[THE DATA]
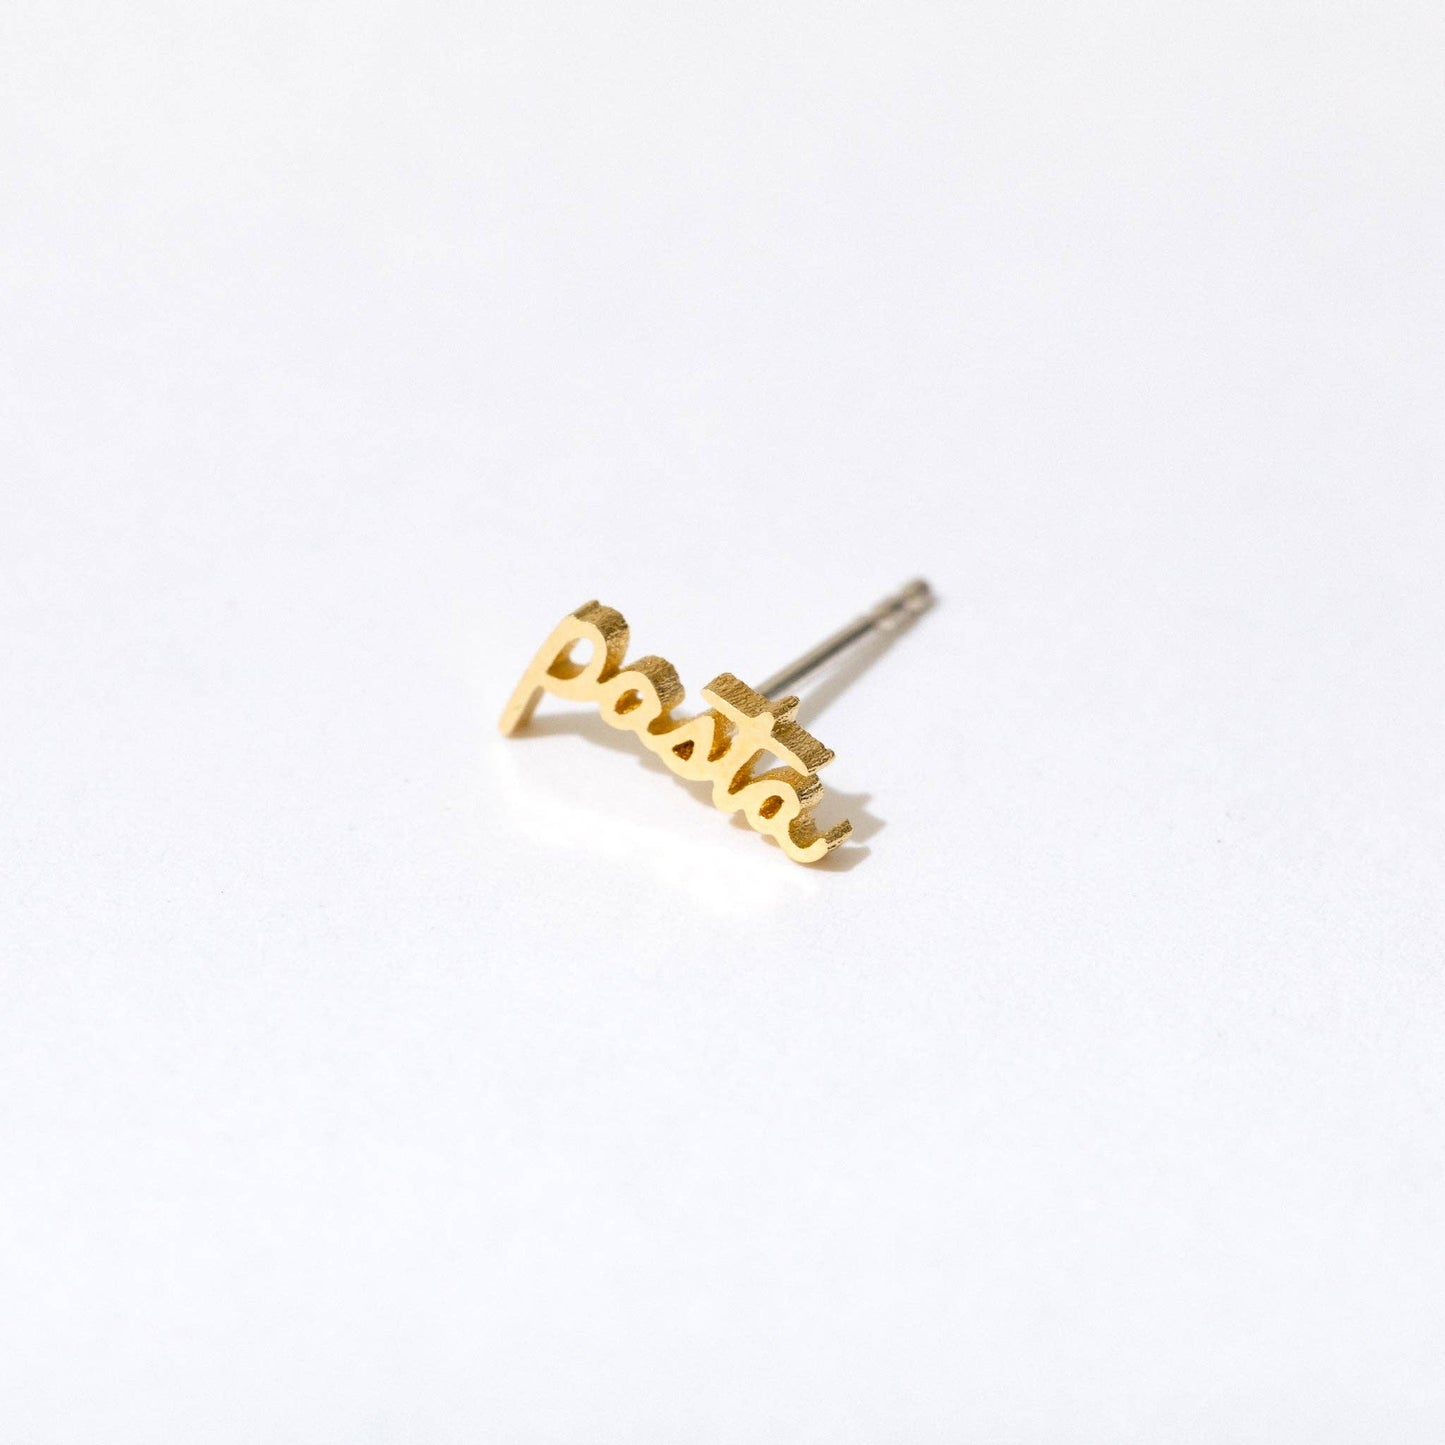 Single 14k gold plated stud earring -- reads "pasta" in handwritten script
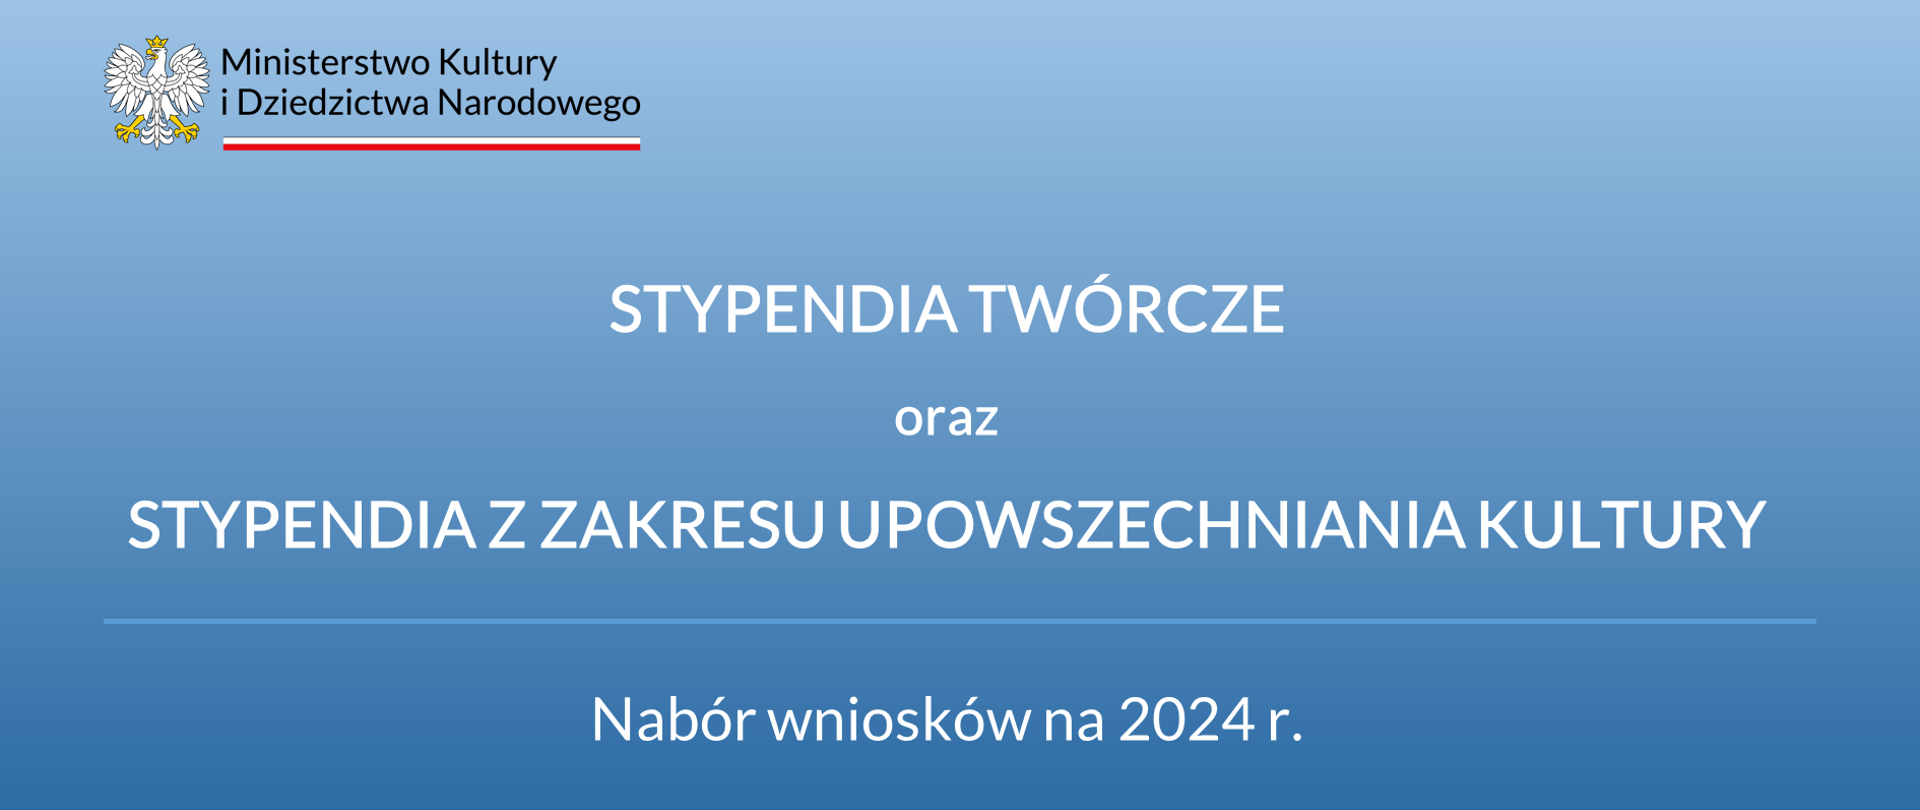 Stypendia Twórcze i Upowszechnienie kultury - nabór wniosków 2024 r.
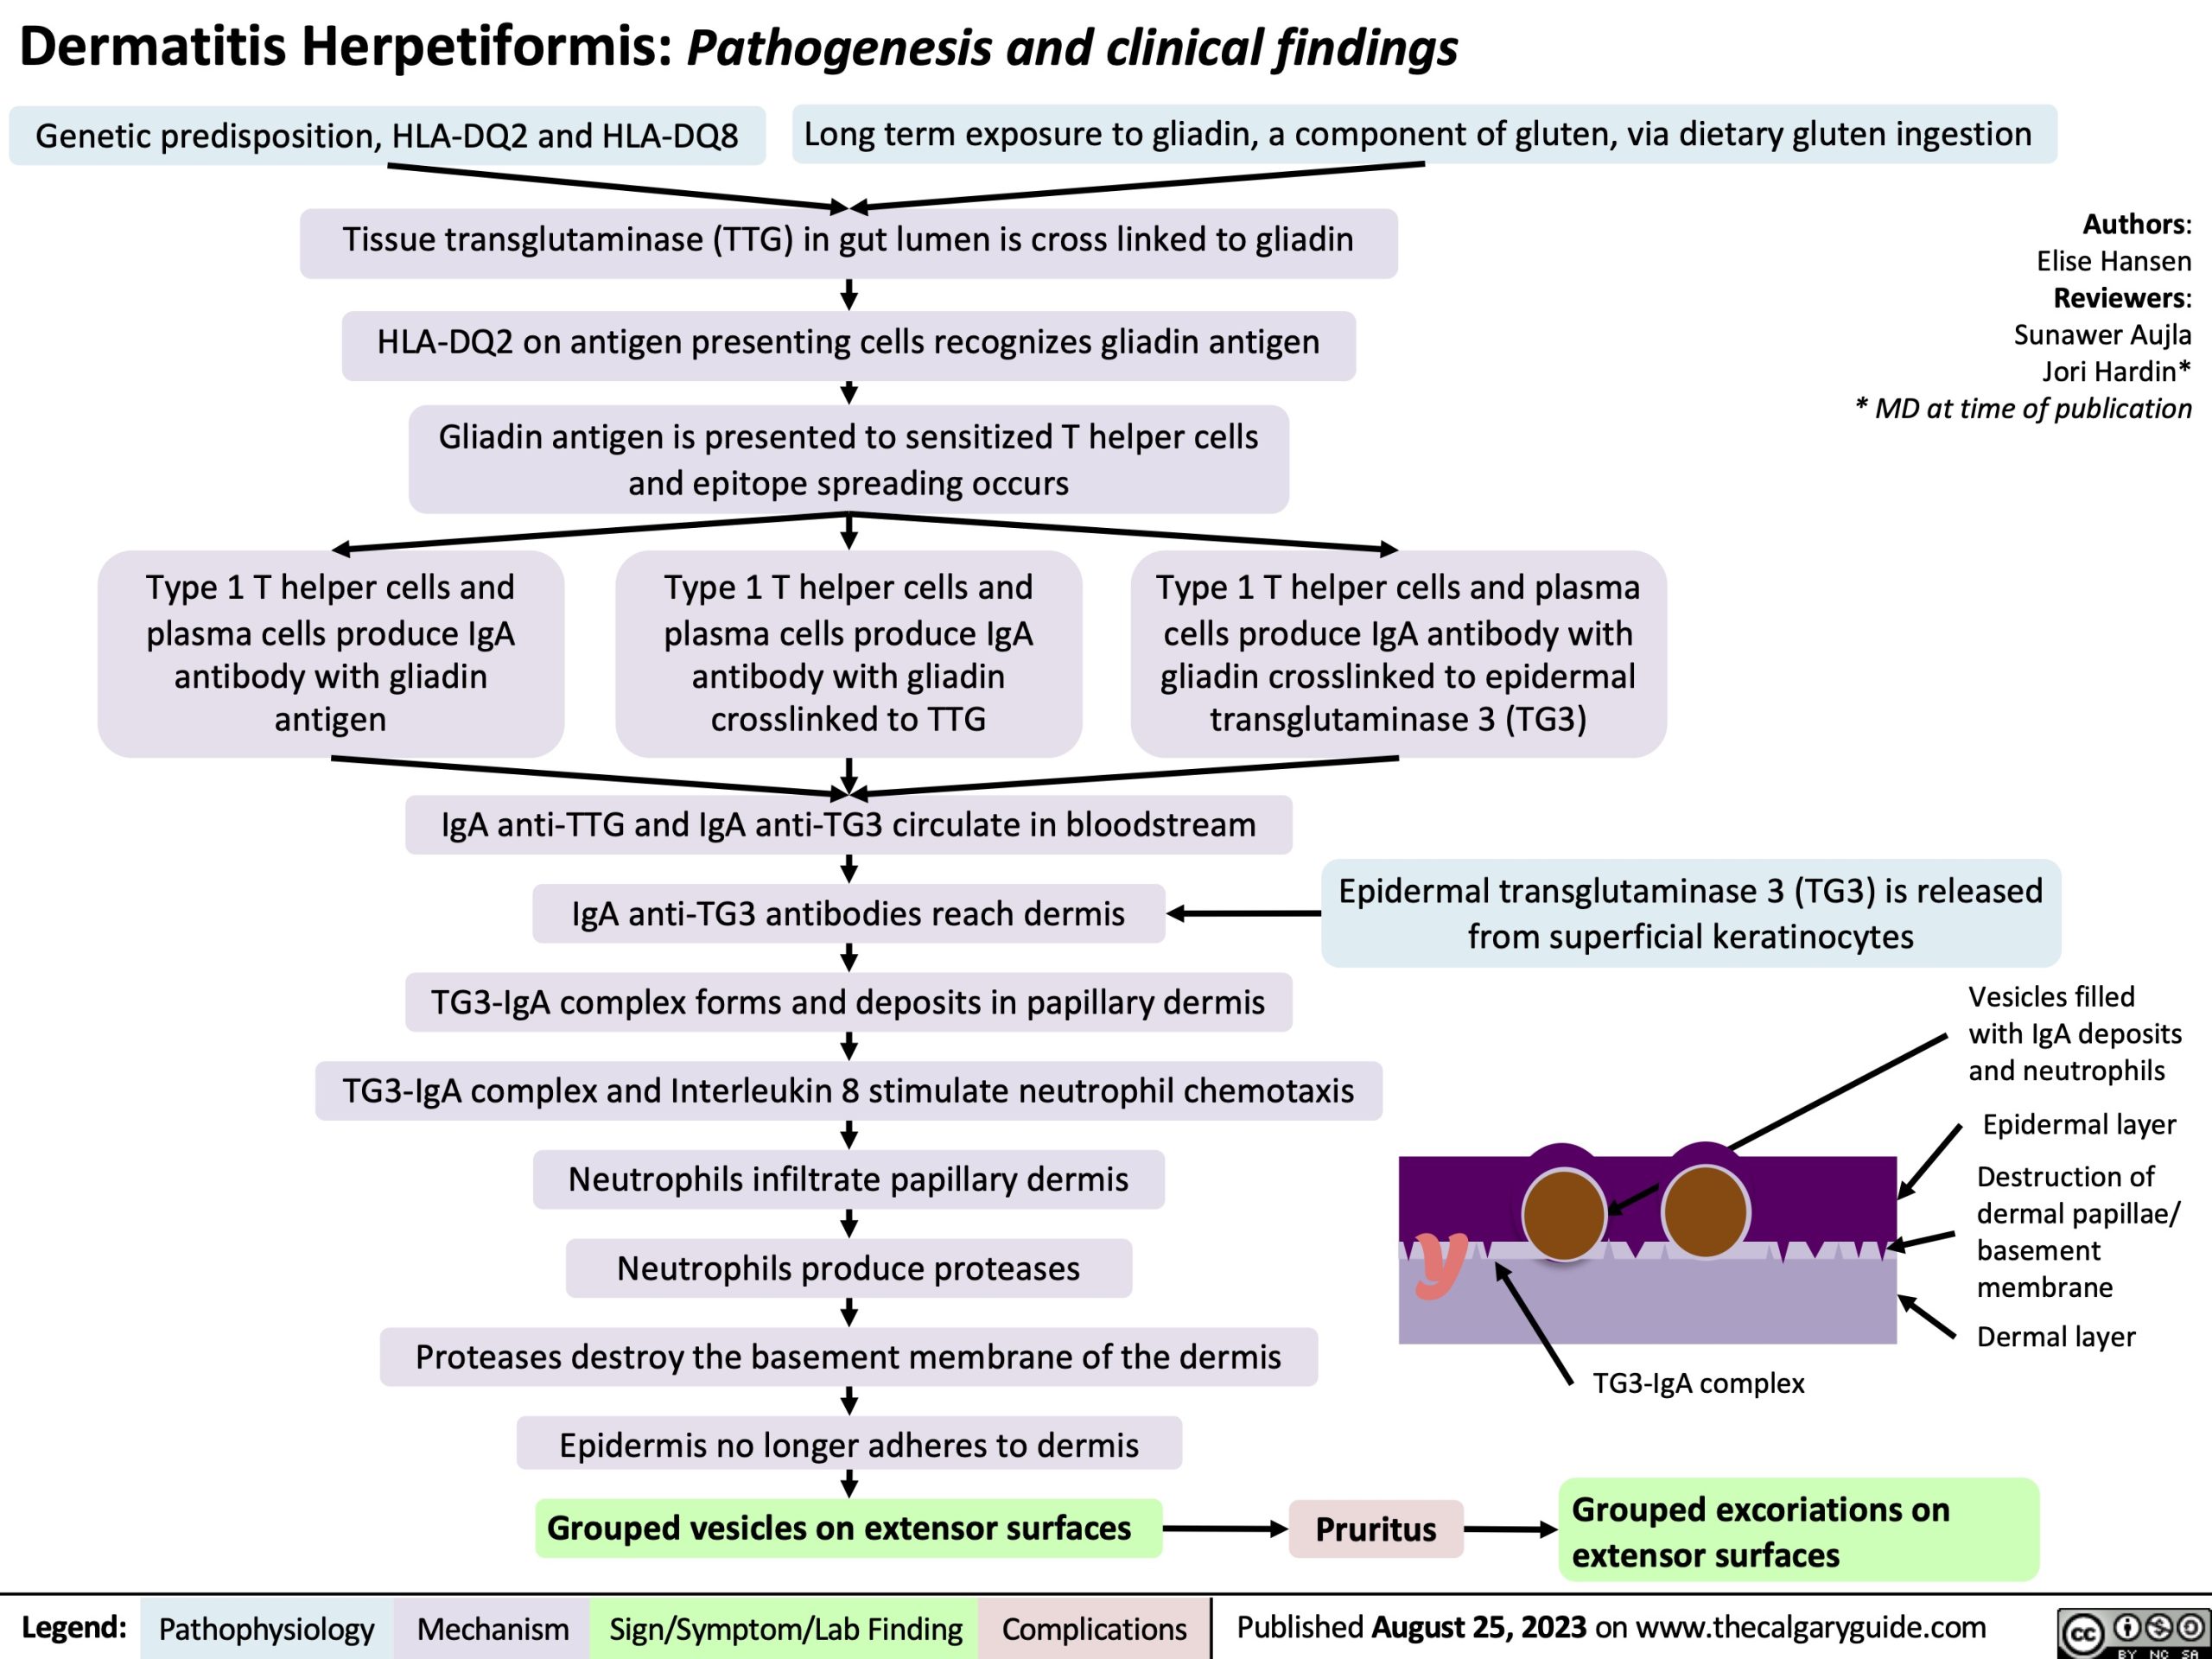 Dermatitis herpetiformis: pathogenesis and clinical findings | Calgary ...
[/THE DATA]
- **TASK INSTRUCTIONS**
What is needed is an exact copy of the data, with the pictures removed.

- **TASK ANSWER**
 Single 14k gold plated stud earring -- reads "pasta" in handwritten script
 Stypendia Twórcze i Upowszechnienie kultury - nabór wniosków 2024 r.
 Dermatitis herpetiformis: pathogenesis and clinical findings | Calgary ...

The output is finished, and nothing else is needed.